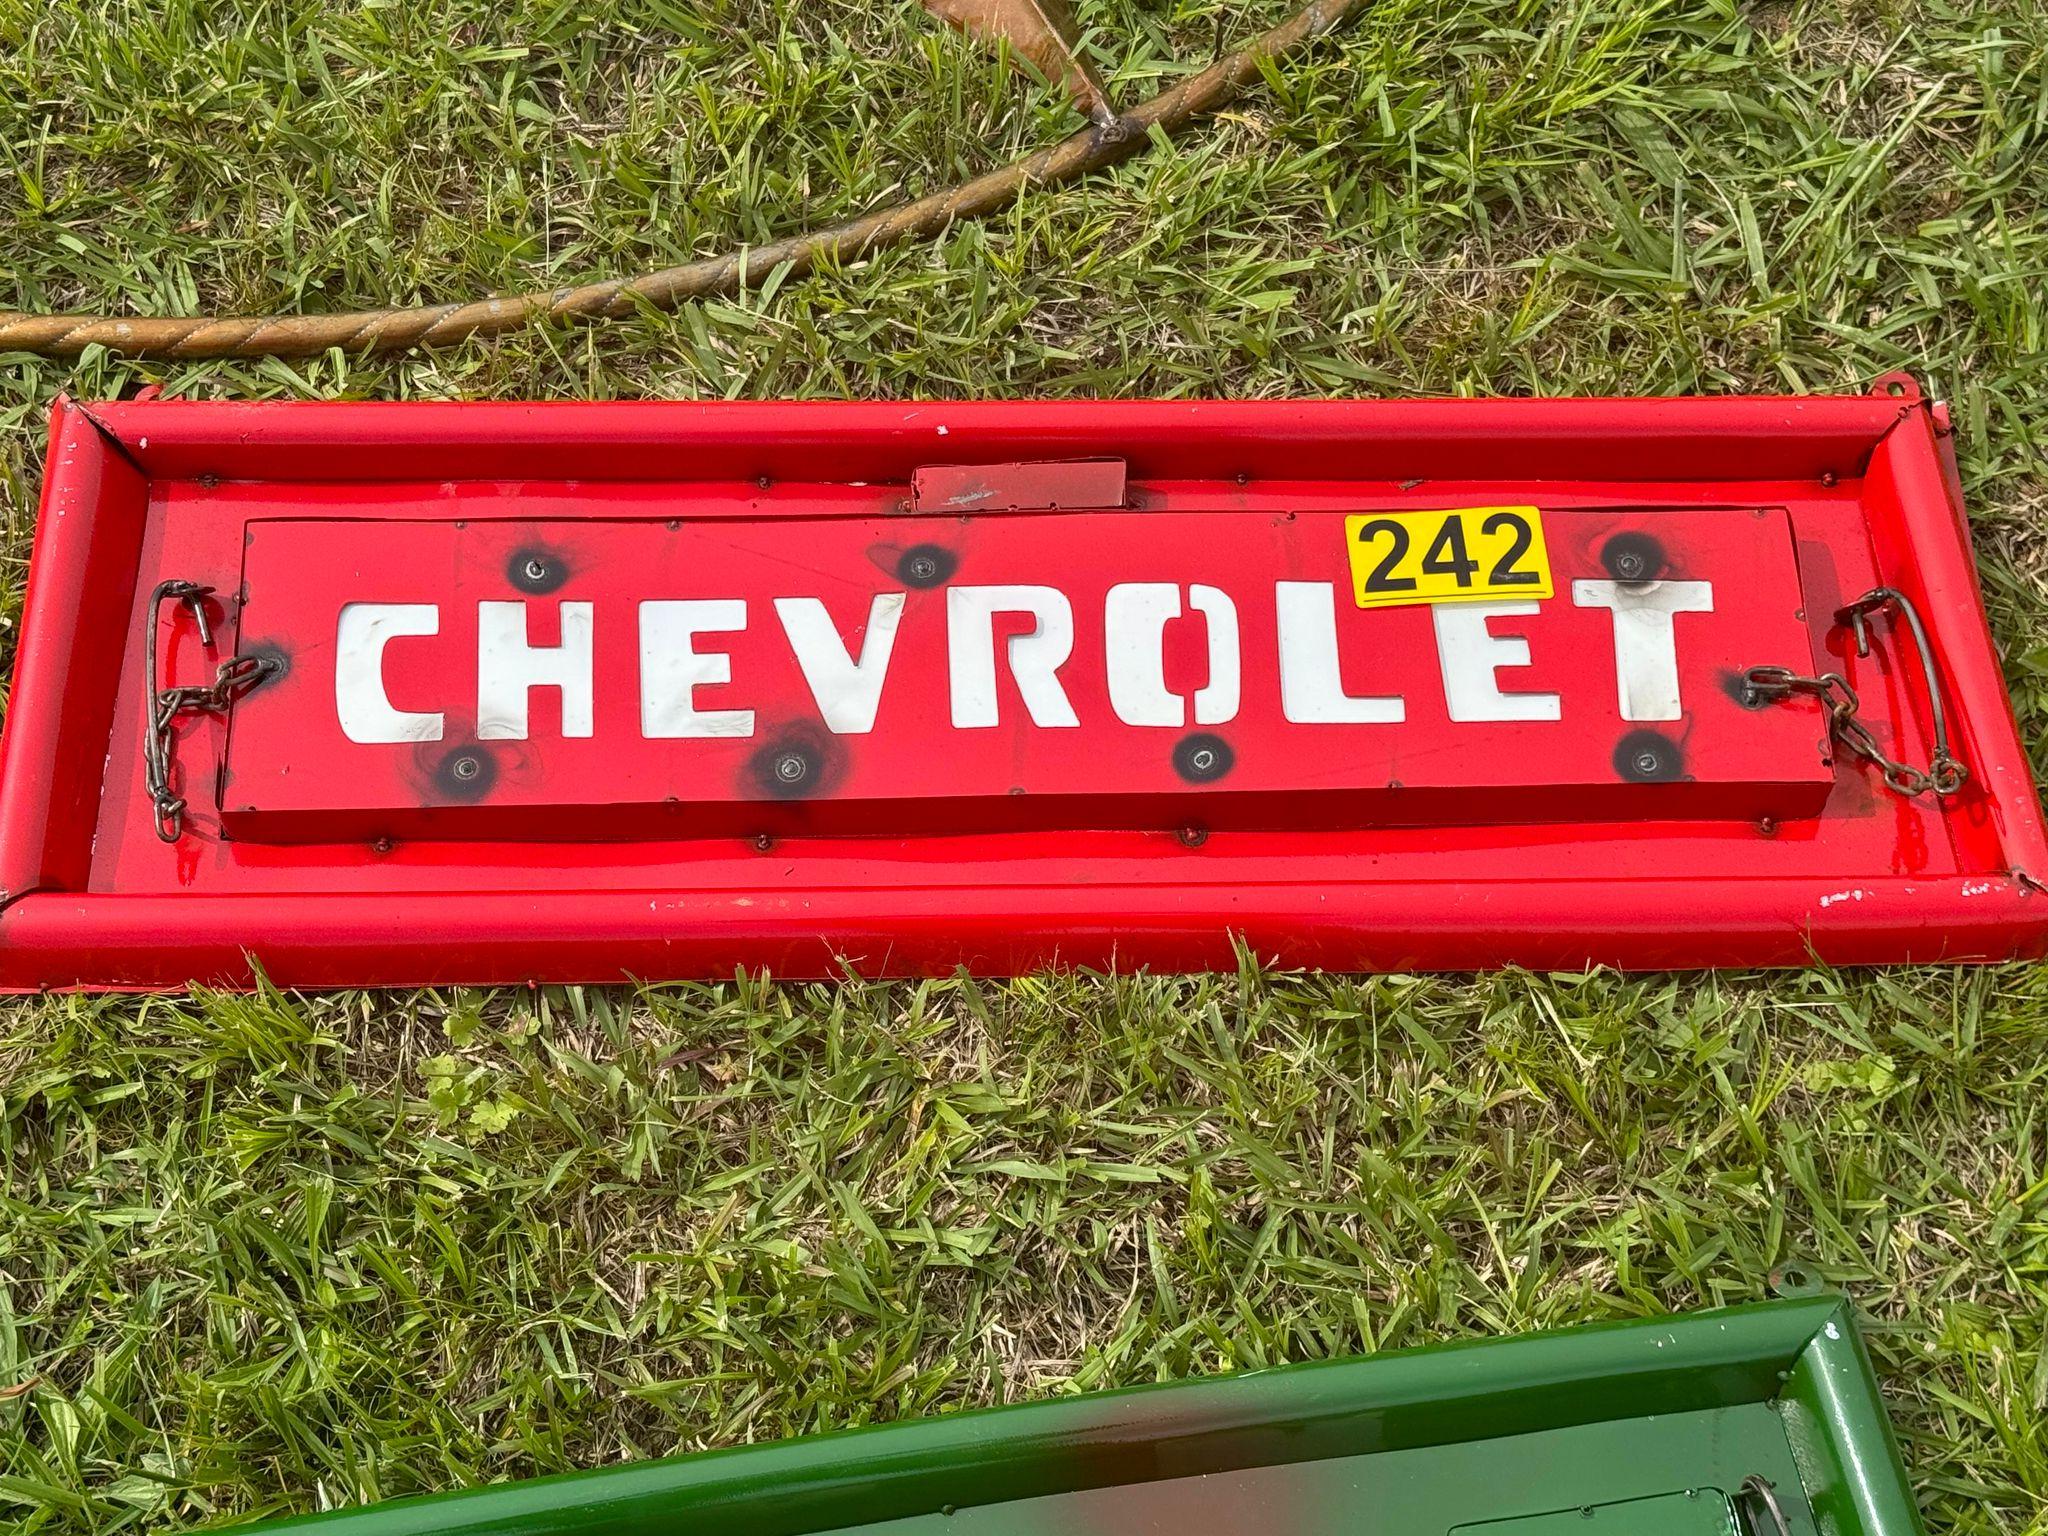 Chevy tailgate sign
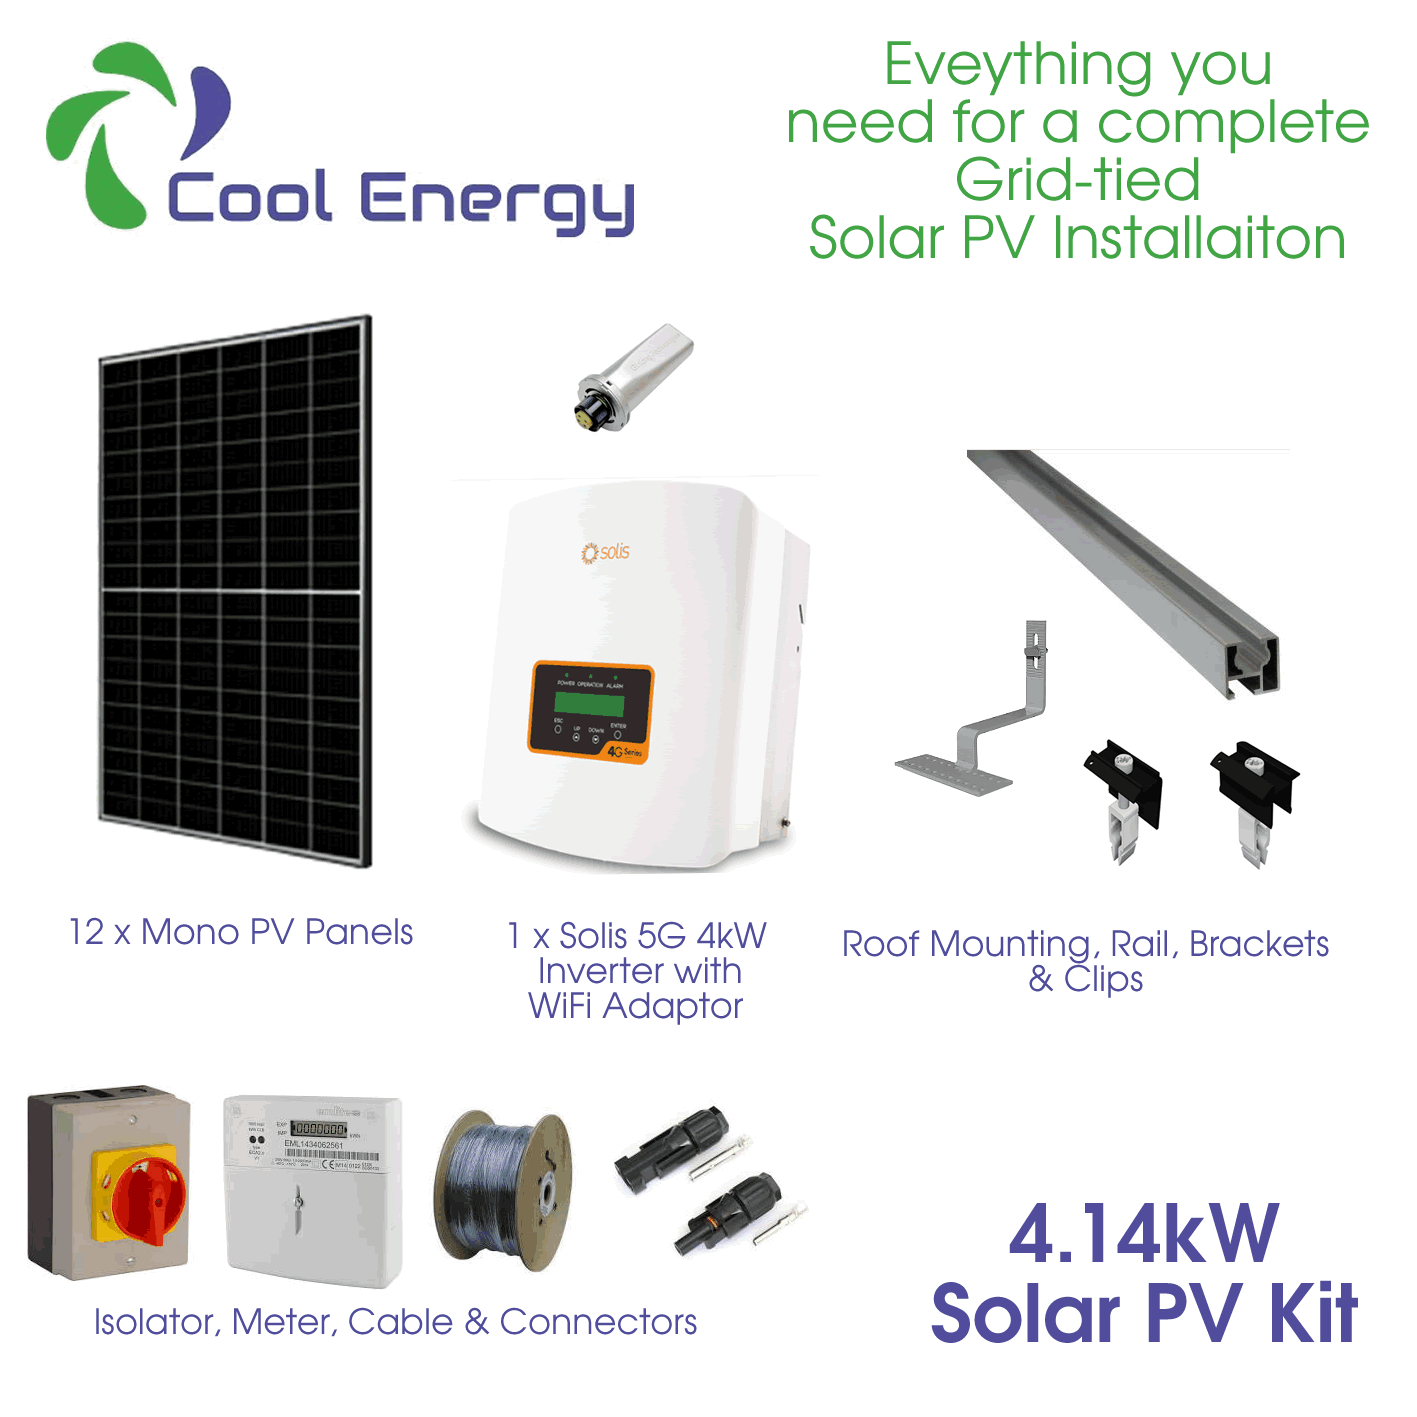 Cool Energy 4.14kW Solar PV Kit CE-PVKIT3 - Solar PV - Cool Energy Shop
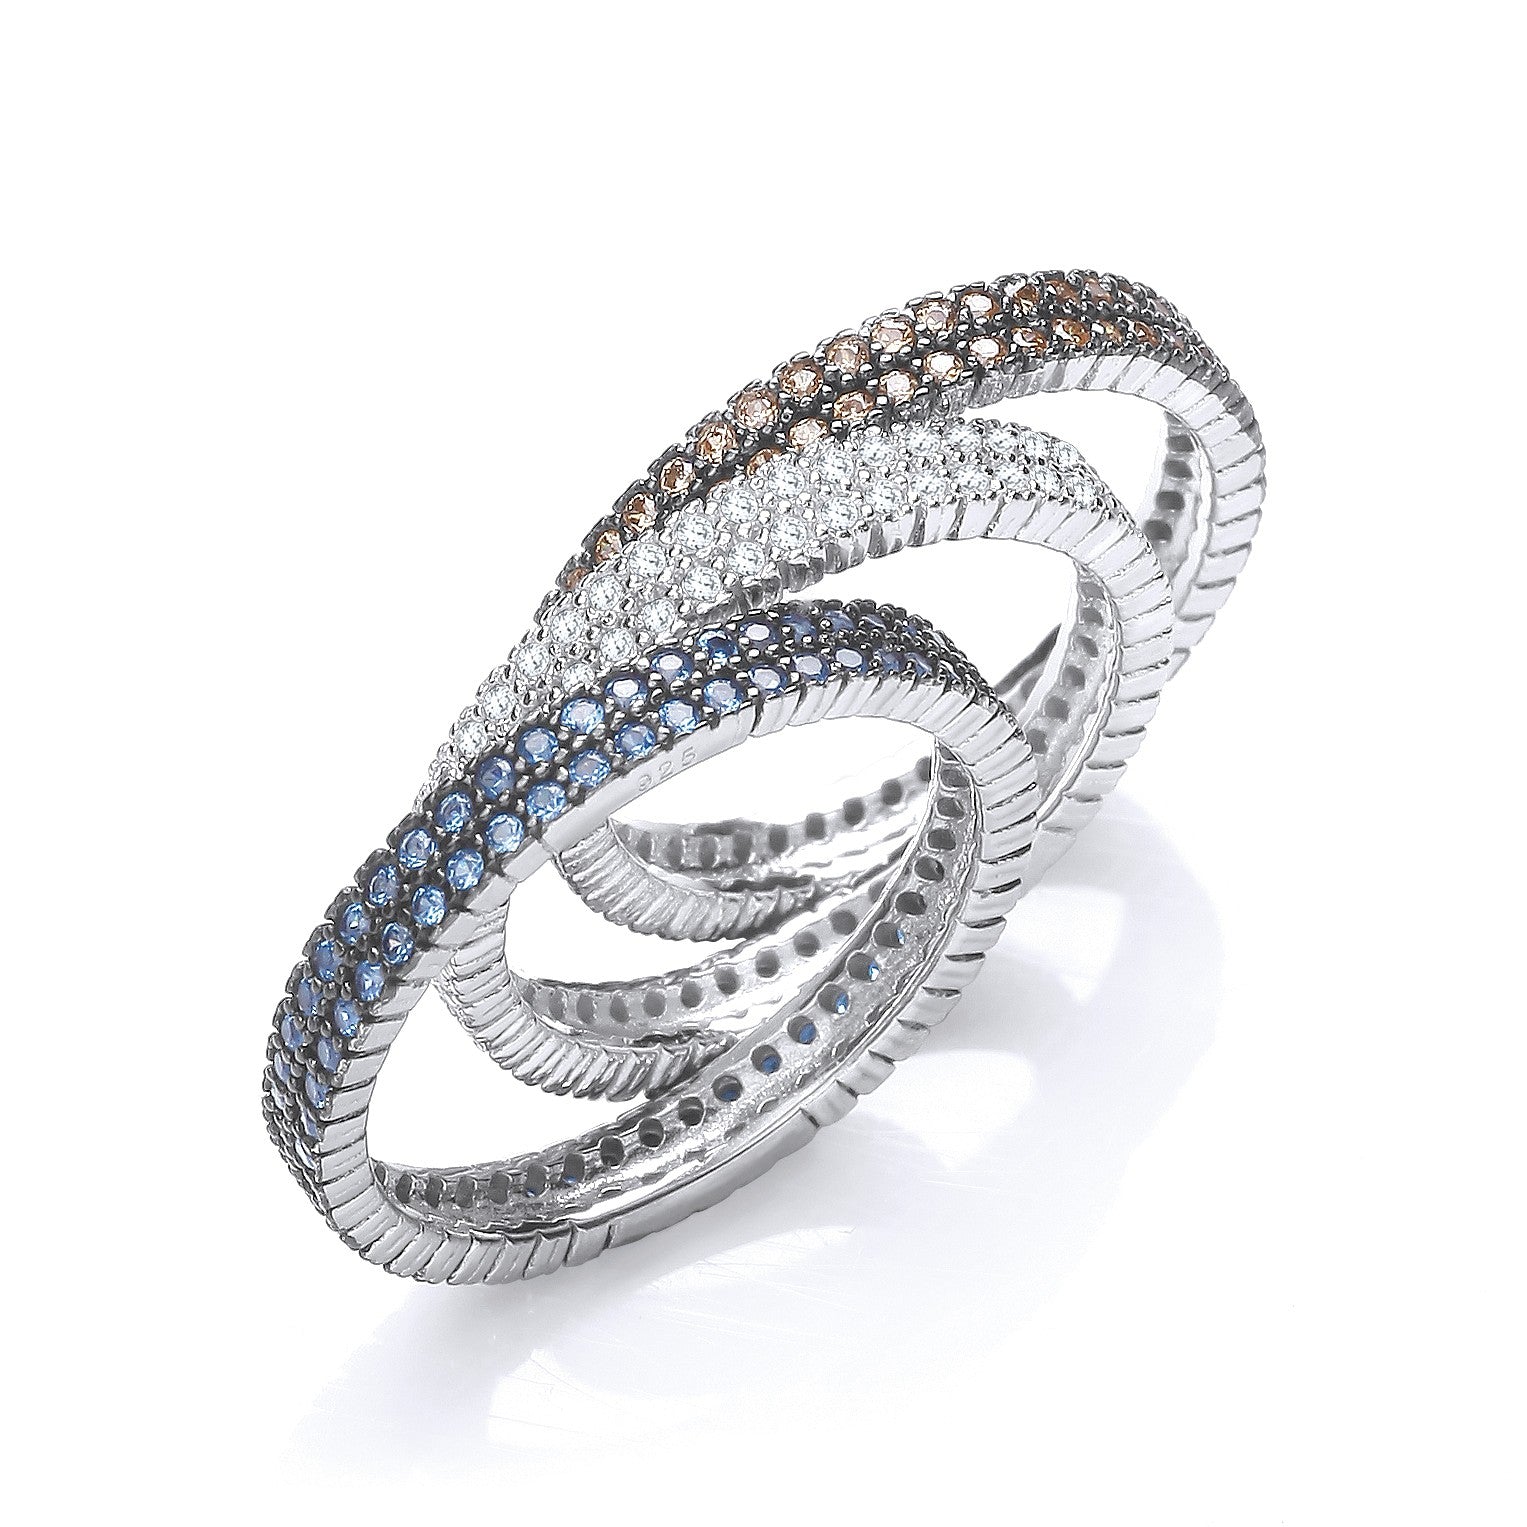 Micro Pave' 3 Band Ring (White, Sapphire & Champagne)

* * * * * * * * *

PROMPT -> Beginning with the line in which "Cool Energy 4.14kW" appears, repeat exactly each line down to the close of the material, leaving every picture out.

ANSWER TO THIS EXERCISE ->
 Cool Energy 4.14kW Solar PV Kit CE-PVKIT3 - Solar PV - Cool Energy Shop
 Micro Pave' 3 Band Ring (White, Sapphire & Champagne)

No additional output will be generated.